Prompt Fungineer v2 is a full fine-tune of Qwen/Qwen3-0.6B (596M parameters) trained on 9,400 Claude-generated prompt pairs. It produces detailed, richly specific prompts suitable for Midjourney, Stable Diffusion, DALL-E, Flux, and other image generation models.
This is the successor to treadon/prompt-fungineer-355M, which was built on GPT-2 Medium in 2023.
Usage
from transformers import AutoModelForCausalLM, AutoTokenizer
model_name = "treadon/prompt-fungineer-v2"
tokenizer = AutoTokenizer.from_pretrained(model_name, trust_remote_code=True)

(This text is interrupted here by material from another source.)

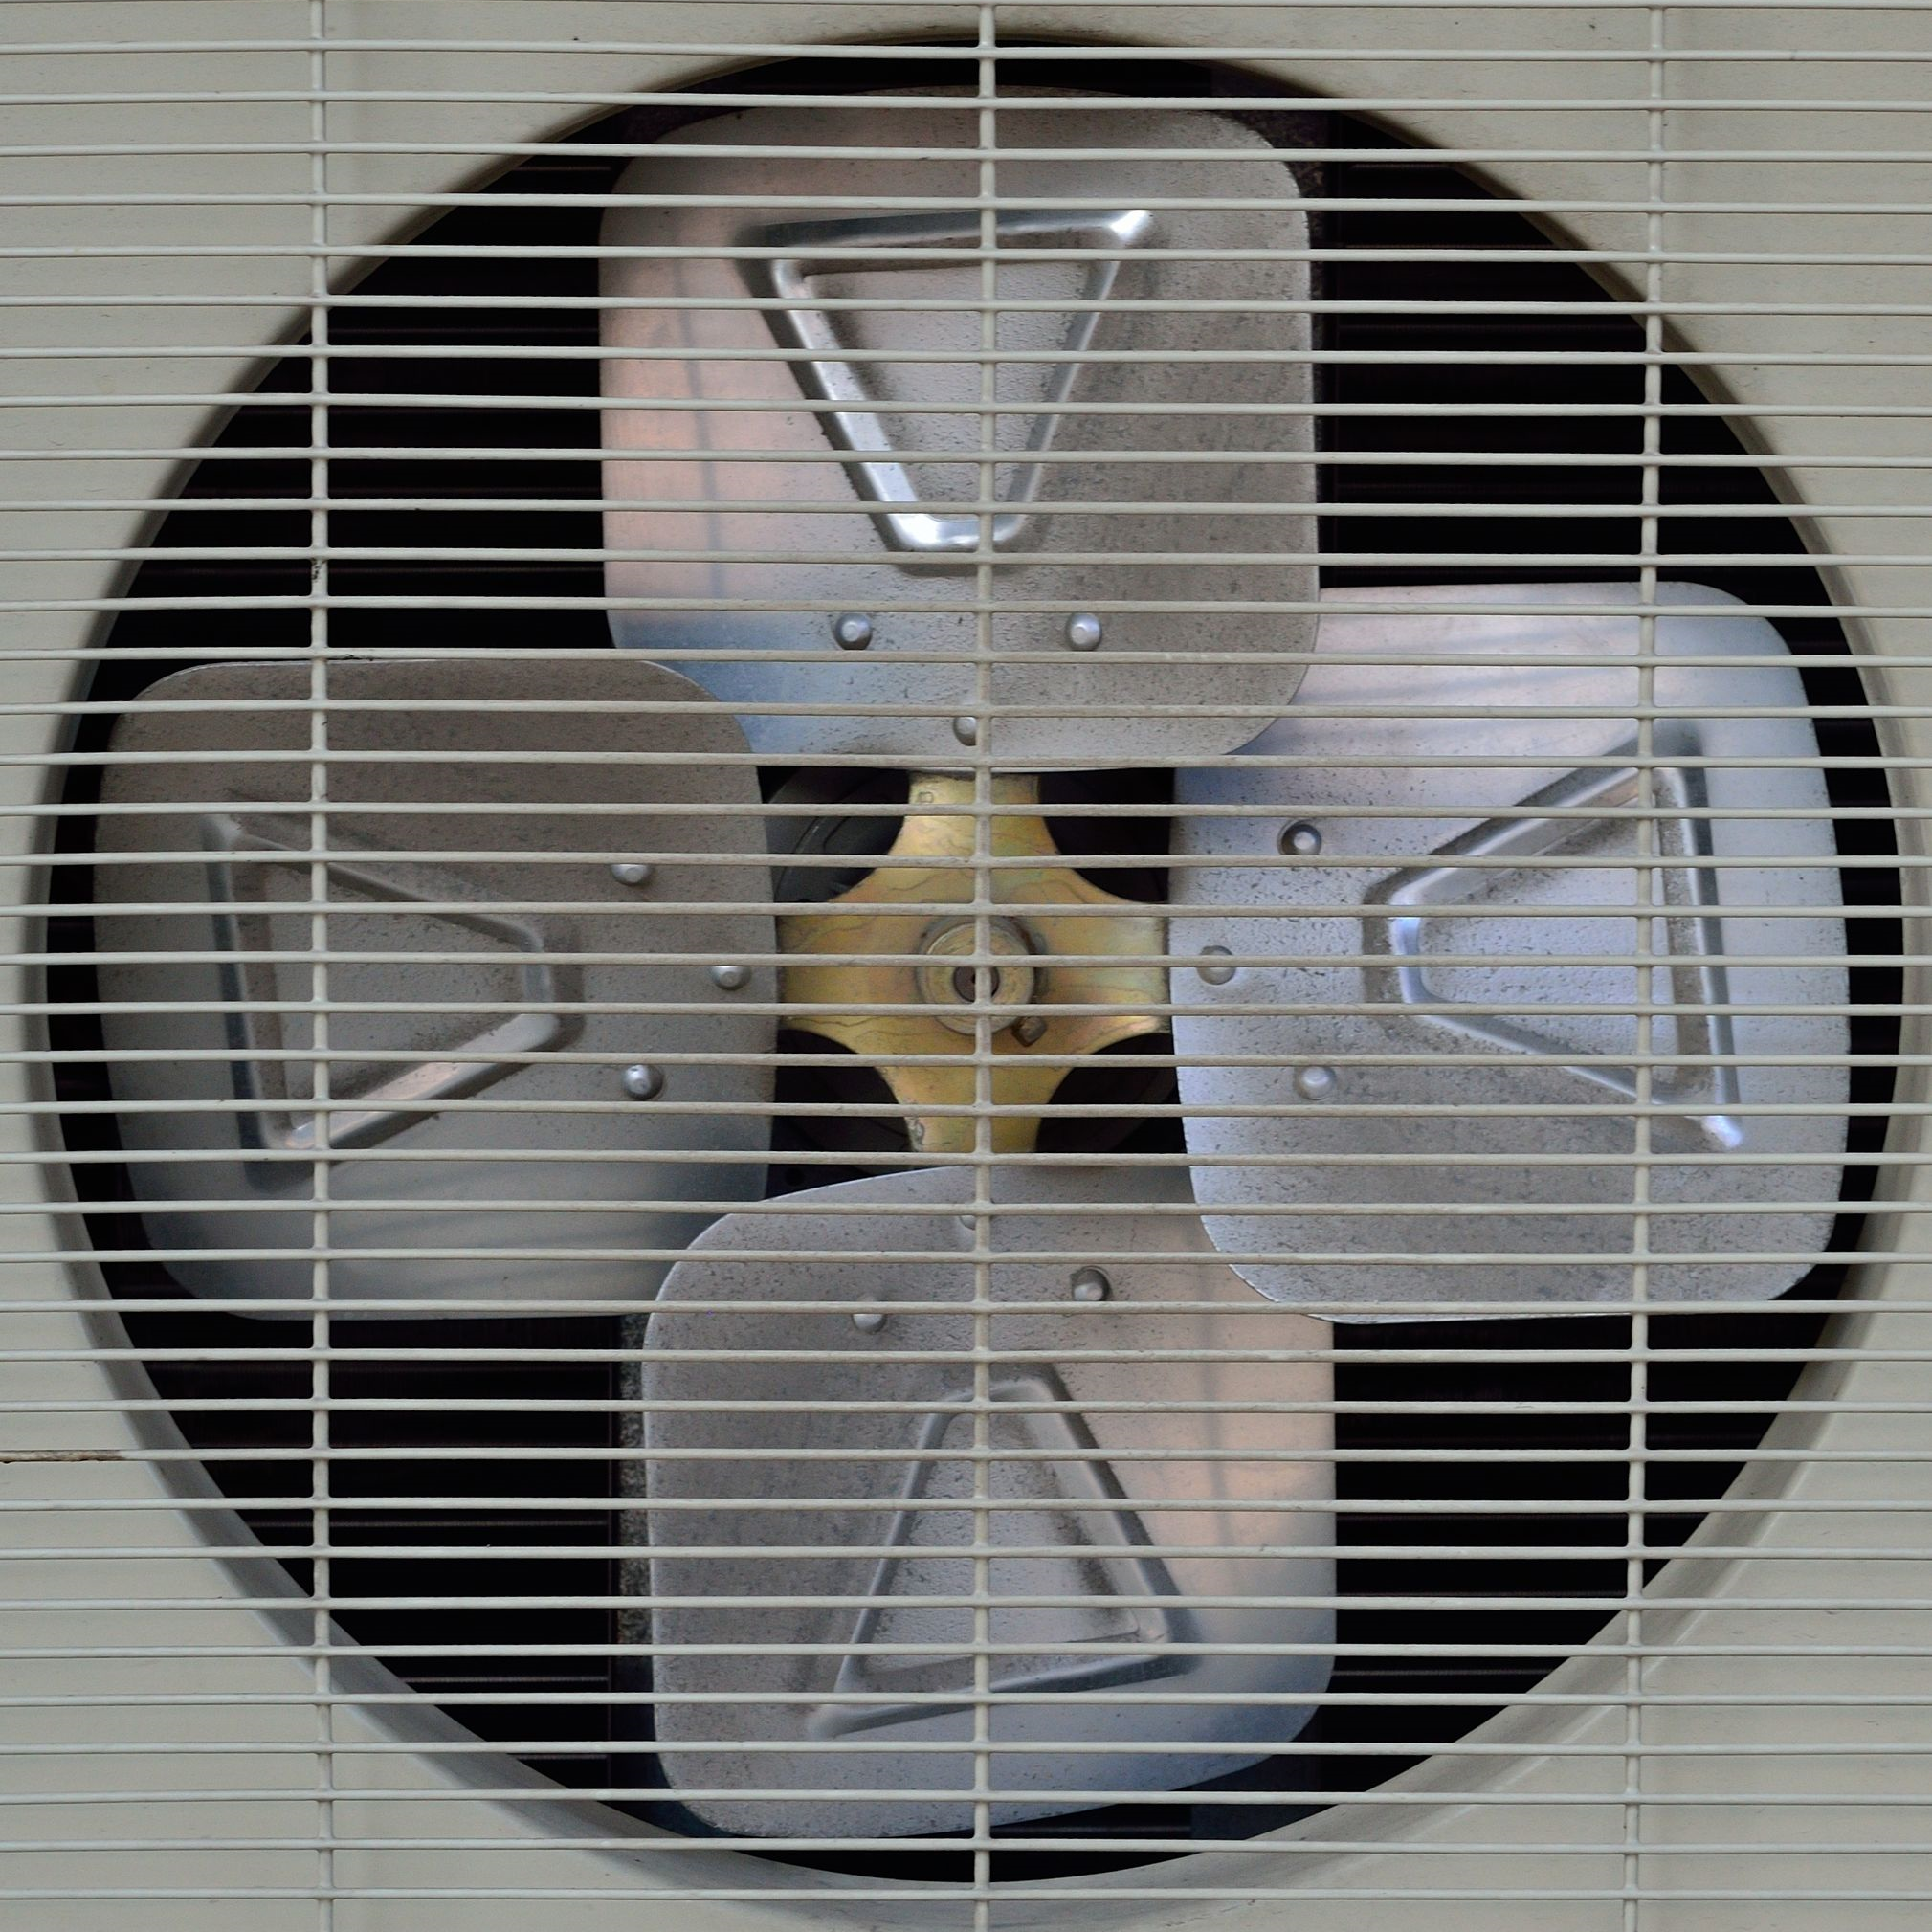 condenser motor up close

model = AutoModelForCausalLM.from_pretrained(model_name, trust_remote_code=True)
def expand_prompt(short_description: str, max_new_tokens: int = 256) -> str:
messages = [
{
"role": "user",
"content": f"Expand this into a detailed image generation prompt: {short_description}"
}
]
text = tokenizer.apply_chat_template(messages, tokenize=False, add_generation_prompt=True)
inputs = tokenizer(text, return_tensors="pt").to(model.device)
with torch.no_grad():
output = model.generate(
**inputs,
max_new_tokens=max_new_tokens,
do_sample=True,
temperature=0.7,
top_p=0.9,
)
generated = tokenizer.decode(output[0][inputs["input_ids"].shape[1]:], skip_special_tokens=True)
return generated.strip()
# Example
import torch
print(expand_prompt("cherry blossoms in rain"))
Example output:
A cherry blossom tree in full bloom photographed at the moment of rain, the petals floating and falling in the downpour. Fuji X-T5, 24mm f/4 ultra-wide lens, f/8, ISO 800, 1/1000s. The petals are translucent pink and white, each one catching the raindrop light differently. The rain falls in the background as a soft white blur. Color: vivid pink blossom against white rain, the sky behind in soft grey. Matte finish. The delicate pink against the wet grey sky. Japanese seasonal beauty.
Model Details
| Property | Value |
|---|---|
| Base model | Qwen/Qwen3-0.6B (2025 architecture) |
| Parameters | 596M |
| Training method | Full fine-tune (all parameters unfrozen) |
| Training data | 9,400 Claude-generated prompt pairs |
| Categories | 11 (landscapes, portraits, sci-fi, abstract, architecture, animals, historical, food, macro, emotions, vehicles) |
| Style distribution | 5 styles (photographic 52%, cinematic 14%, painterly 14%, digital art 10%, illustration 9%) |
| Epochs | 4 |
| Learning rate | 2e-5, cosine schedule with 6% warmup |
| Effective batch size | 32 (batch 1 x gradient accumulation 32) |
| Precision | float32 |
| Gradient checkpointing | Enabled |
| Max sequence length | 384 tokens |
| Training time | ~2h 50m on Apple M4 Pro (MPS backend) |
| Final train loss | 1.51 |
| Final eval loss | 2.67 |
| Optimizer | AdamW (weight decay 0.01) |
| License | Apache 2.0 |
v1 vs v2 Comparison
Prompt Fungineer v2 generates longer, more specific, and more technically detailed prompts compared to v1.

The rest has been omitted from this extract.